BUFFALO, N.Y. — A Buffalo area parents group is hoping Erie County will re-visit and perhaps modify at least one aspect of its new rules for schools this year, which were announced earlier this week.
Though encouraged that county health officials and education leaders seem committed to having in person learning five days a week this year, they are particularly concerned over rules regarding situations where quarantines might be imposed.
Quarantine guidance was included in a myriad of mandates that will be in place for the start of the school year, but which the County Executive noted would likely be relaxed when COVID-19 case numbers decline.
"The quarantine rules are overly restrictive," said Tarja Parssinen of WNY Students First.
The guidance says that in the event that someone in a classroom or who rides a bus tests positive for COVID, then any unvaccinated student (which would currently include all students under 12 years of age) who was "within 3 feet or unvaccinated teachers/staff within 6 feet from the positive COVID-19 case for a cumulative total of 15 minutes or more over a 24-hour period during a time the case was infectious, regardless if masks were worn, will be considered a close contact and quarantined for 10 days from the last day of exposure to the positive COVID-19 case."
Further, the guidance establishes that; "if there are two or more cases in a classroom during a 10-day period, all unvaccinated individuals in the class will quarantine for 10 days from their last exposure to the positive COVID-19 case, regardless if masks were worn."
'It doesn't make sense'
"We need to look at this and look to what other counties and states are doing," Parssinen said. "This goes beyond the guidance of the CDC. Even the California Department of Health has a modified quarantine policy whereby if all the children are masked, then no one actually needs to stay home as long as they test (negative) two times over the 10 days, and the schools provide the tests, and they continue to be masked."
Parssinen noted that many school districts are not offering online learning options this year, which means students would be sent home with packets of work but with no direct instruction.
"Missing 10 days here and 10 days there all adds up when the goal is for kids to be in class for the whole school year," she said.
Parssinen also raises the question of why, if everyone is required to be masked because it supposedly offers protection, that supposition is then disregarded under the under the rules as written.
"There has to be some benefit to masking, which is not going home and not being quarantined," Parssinen said.
"And if there is not that benefit to masking, what are we doing masking?" she asked, while noting the mounting evidence that for the youngest of students, prolonged mask wearing can impact the child's literacy, speech, social and emotional development, and how they connect with teachers.
A spokesperson for Erie County Health Commissioner Dr. Gale Burstein told 2 On Your Side that Dr. Burstein was not available for an interview on Wednesday.
Let's talk
"I think if everyone got together and continued talking, and we know there is collaboration now between the superintendents and the county, I would like to see the two-person rule go away and have these rules at least be in line with the CDC," Parssinen said.

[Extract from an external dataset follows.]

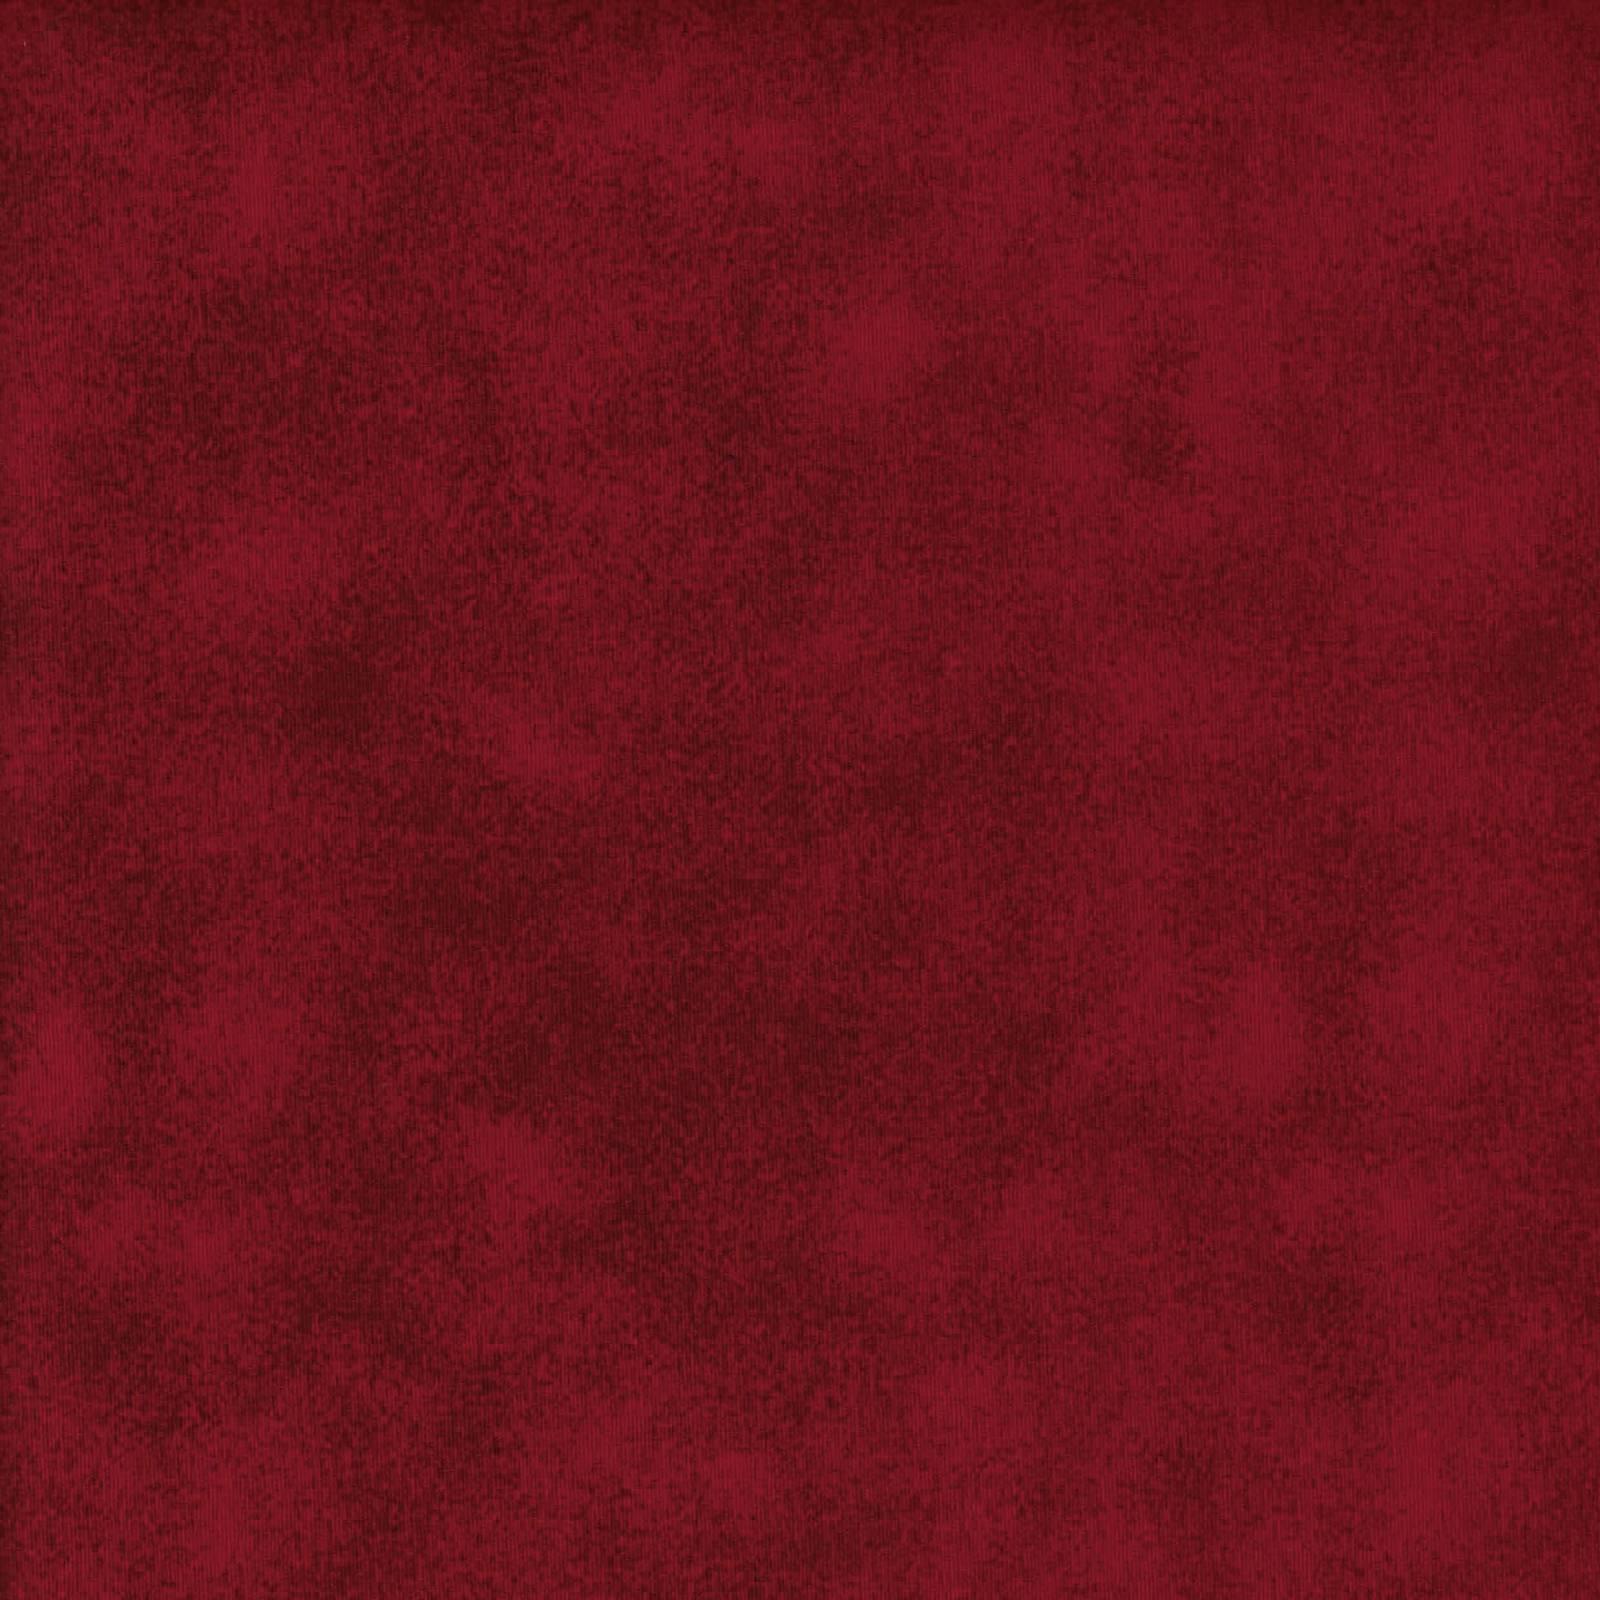 Poeira Vermelho Escarlate Ref. 1131 cor 106 Peripan - Armarinhos Nodari

When the rules were announced on Monday, Erie County Executive Mark Poloncarz reminded parents who disagreed with them that they "always have the option of homeschooling their children."
Poloncarz also referred to those raising objections as a "vocal minority."
"It's always disheartening to hear Mr. Poloncarz say things like that," Parssinen said. "He said the same thing last year during the open schools movement, when we knew science at that point and knew that schools were safe, and when we were proven right in that kids could have been in school this entire time and learned safely. Whether we're a minority or not, we're a group of thousands of parents whose voices deserve to be heard."